OK, so far we have what is advertised as “Open” and a “Database”, but isn’t either. It’s not open — anonymous download is not possible — and so far I haven’t actually seen any data, just a picture of what locations are purported to have some associated data. I haven’t so far entered anything in the name and email boxes and pressed ‘request download,’ so I don’t know whether (i) the web server will just record the information and send me the data, or whether (ii) it starts an approval process where the developers have to decide whether or not I’m worthy of the privilege. Let’s consider both options, though. If (i) is the case and I can just enter “Mark Zuckerberg” under “name” and “mzuckerberg@facebook.com” as the email address, then there is absolutely no point to interrupting the user’s interaction with the website to collect valueless information, except to give the user the cheap, queasy, and frustrated feeling, familiar to everyone from their interaction with many commercial websites, that he or she is not the customer but the product. If (ii) is the case and the site developers must decide if I am a suitable person to whom to entrust data which have, of course, already been published in publicly available scientific literature, then this entire project is the opposite of “open.” Either option is pretty bad, and I’m extremely disappointed to see that the developers here don’t seem to have the strength of character to stand behind the use of the word “open” in the title. Not impressive.

In addition, requiring identity information to access data is going to make it rather difficult to really have anonymous peer review of the accompanying paper. Not great if the anonymous peer reviewers have to log in as themselves to see the thing they are supposed to be reviewing.

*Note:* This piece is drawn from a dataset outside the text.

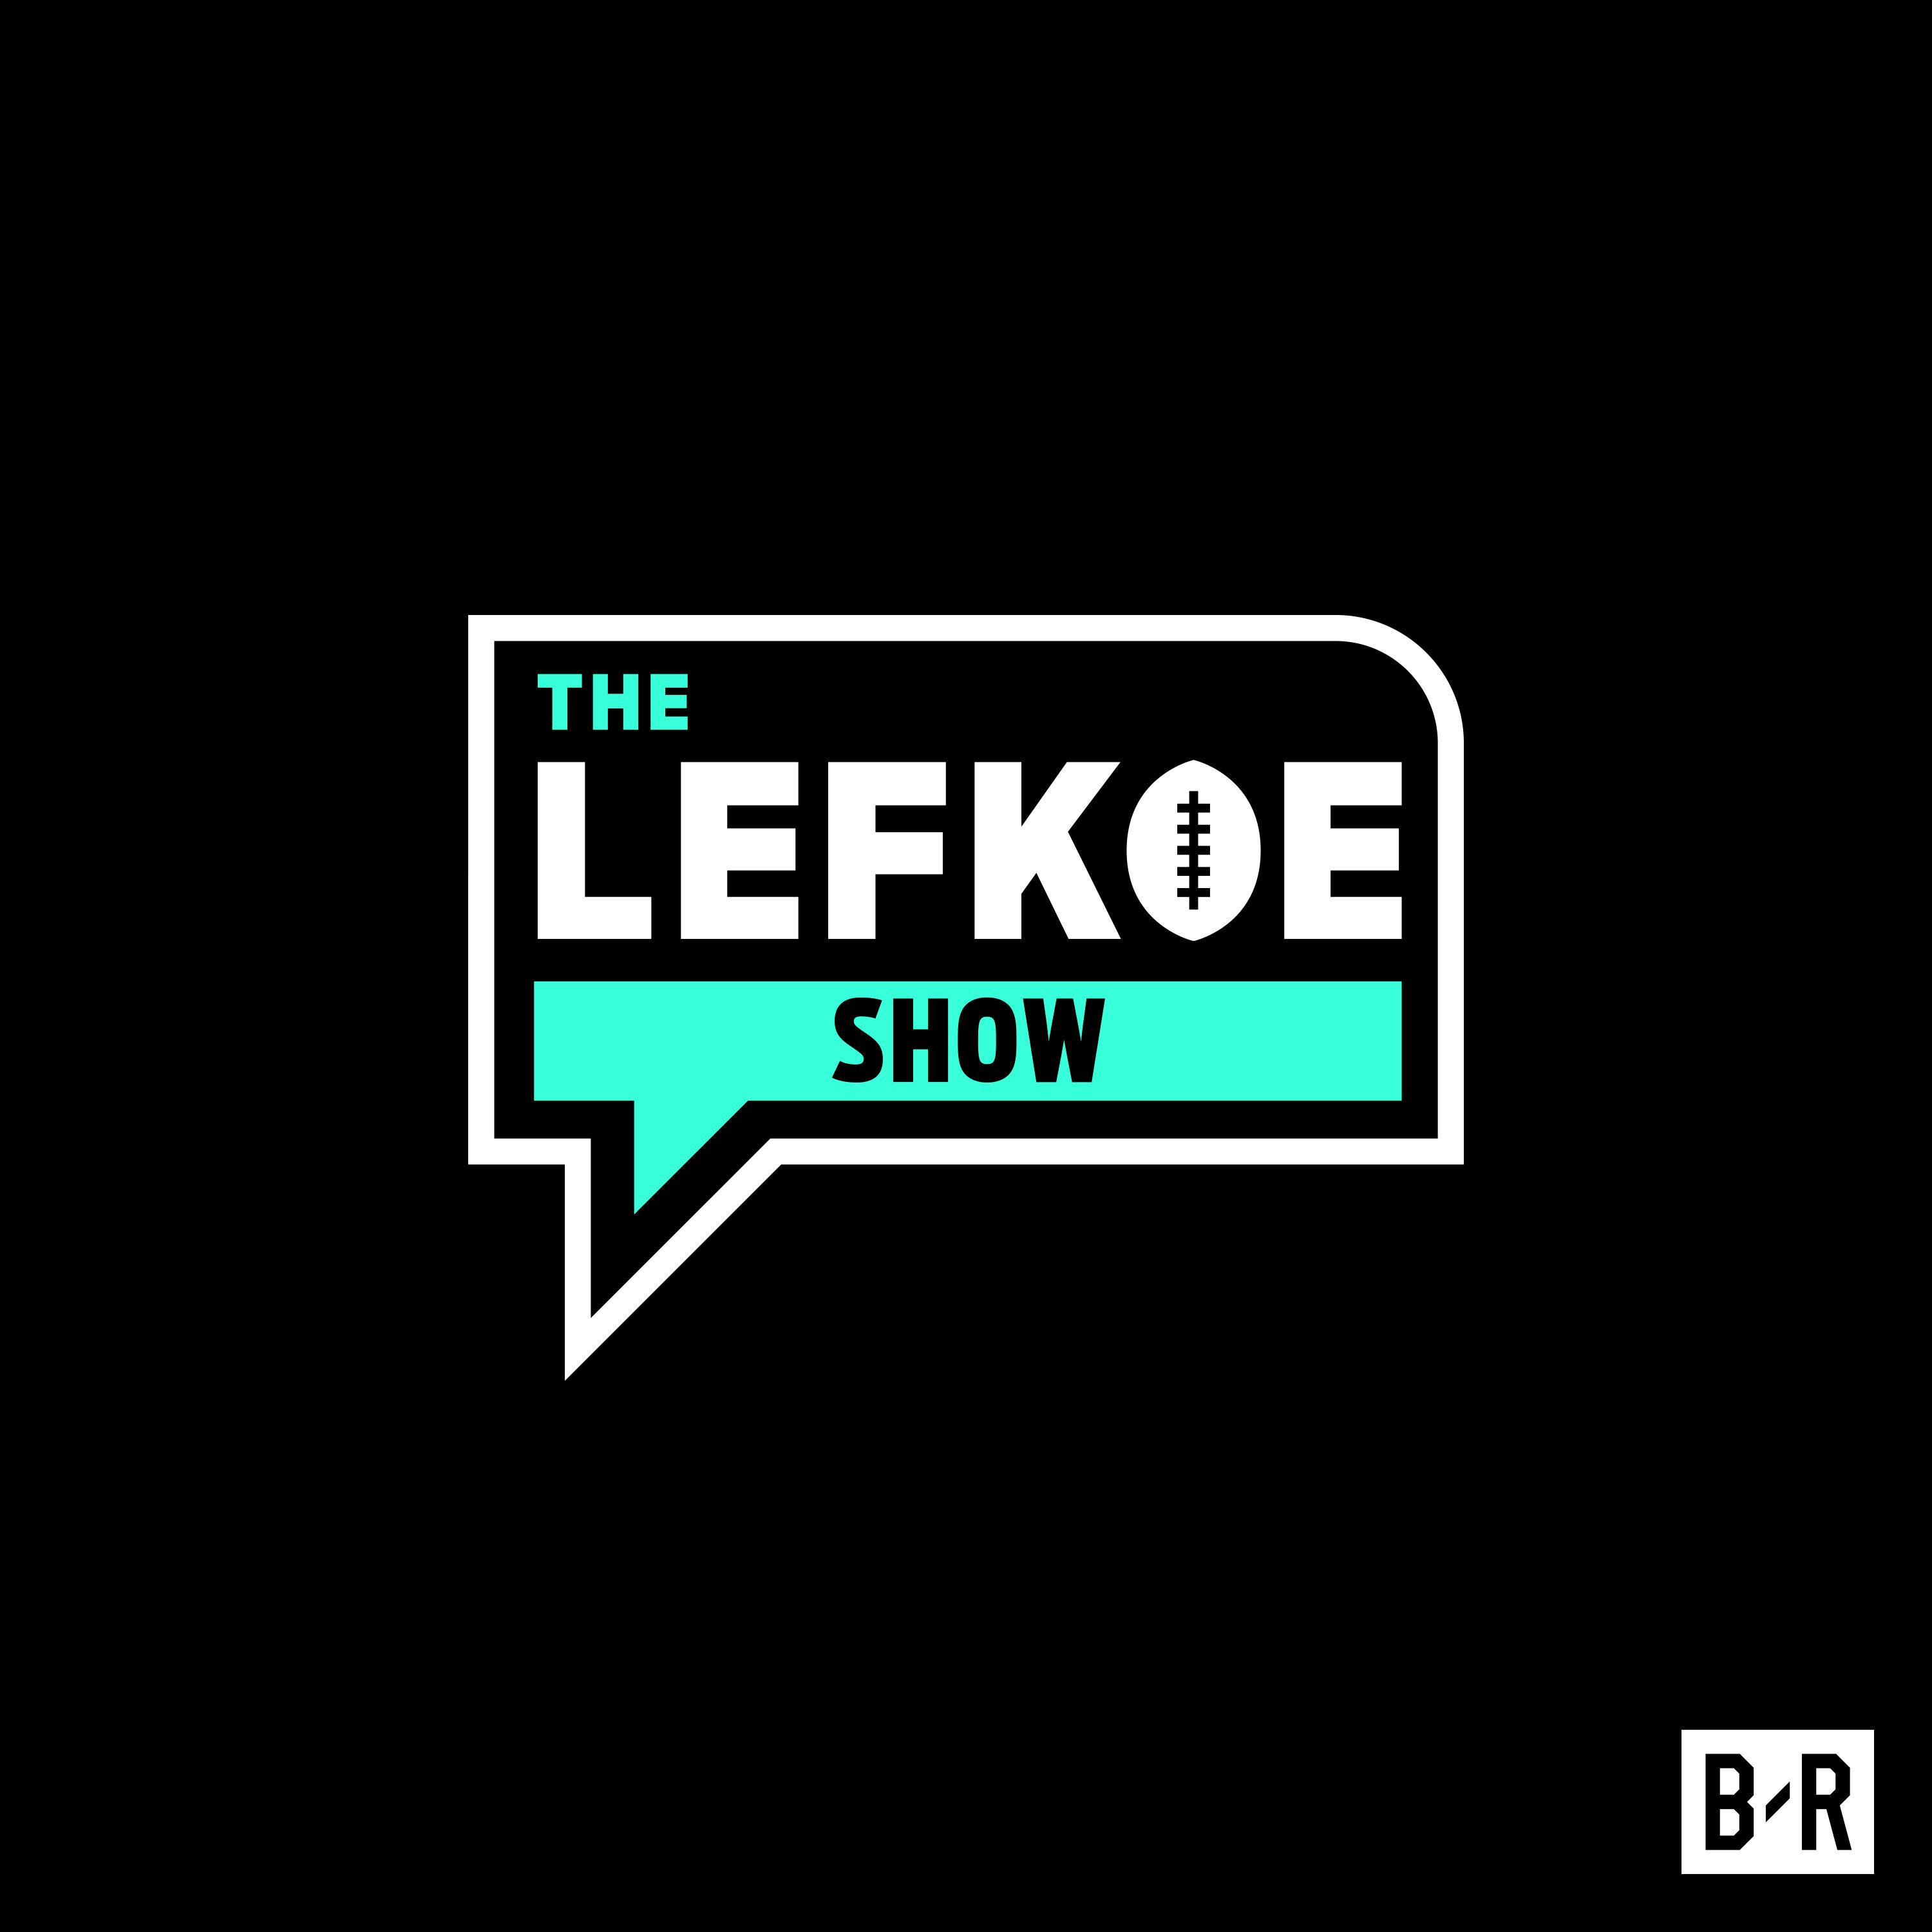 Matt Judon on Joining the Patriots, Getting Revenge on Teams Who Doubt Him, and More! | The Lefkoe Show

Fortunately there are some clues to how we can get around this problem. The email quoted above that announces the existence of the database makes reference to OGC-compliant web services — these are, essentially, links that GIS or mapping software can use to access online data dynamically rather than having to download a local copy of the data – and, presumably, this is what is being referenced by the embedded Google map on the web page. Unfortunately, the website itself makes zero reference as to whether or not these web services exist or how to access them. So clearly a bit of investigation is needed. Investigating the Javascript source code associated with the embedded map shows us:

which indicates that the Google map is, in fact, getting data from a OGC-style web map service (wms) at the address https://earth.uow.edu.au/geoserver/wms. A “web map service” is intended to serve raster data — digital elevation models, imagery, etc., which is actually not what we want if we are interested in attribute-type data associated with point or vector features. The equivalent service for that is a “web feature service,” and if such a thing is also running on the CTOPUS web server (if it’s not “Open,” we can’t really call it OCTOPUS any more) we ought to be able to find out via the following URL:

https://earth.uow.edu.au/geoserver/wfs?request=GetCapabilities

Obtaining that URL with a browser (try it) results in a large XML object that indicates that yes, in fact, a web feature service is operating at that address:

This contains a couple of useful bits of information. One, information about what feature layers are available. The following screen shot shows information (<FeatureType> elements) for two layers, which correspond to those on the layer selection box available via the website:

Two, information about what output formats are available:

Using this information, we can form a URL asking the web feature server to supply all data from the ‘crn_aus_basins’ layer as a KML file:

https://earth.uow.edu.au/geoserver/wfs?request=GetFeature&typename=be10-denude:crn_aus_basins&outputformat=KML

Using a browser to download resulting data from that URL does, in fact, yield a (fairly large) KML file containing basin outlines and a complete data dump for each element, including the critical observations such as Be-10 concentrations and standardizations. Here it is when viewed in a local copy of Google Earth:

So it turns out that it is, in fact, possible to anonymously obtain cosmogenic-nuclide data from OCTOPUS. This is quite valuable: a WFS implementation of this data set is potentially really useful for all sorts of applications, and is a major step toward fulfilling the basic goal of doing better than the current state of the art of mutually-inconsistent-spreadsheets. And we can put the “O” back in. But that was kind of a pain in the neck, it required encouraging the server to display capabilities that the website developers apparently did not want me to know about, and it was much more complicated than it had to be. Wouldn’t it be easier simply to provide direct links to the raw data, as well as the data formatted in such a way as to be easily entered into other online erosion rate calculators, on the web site?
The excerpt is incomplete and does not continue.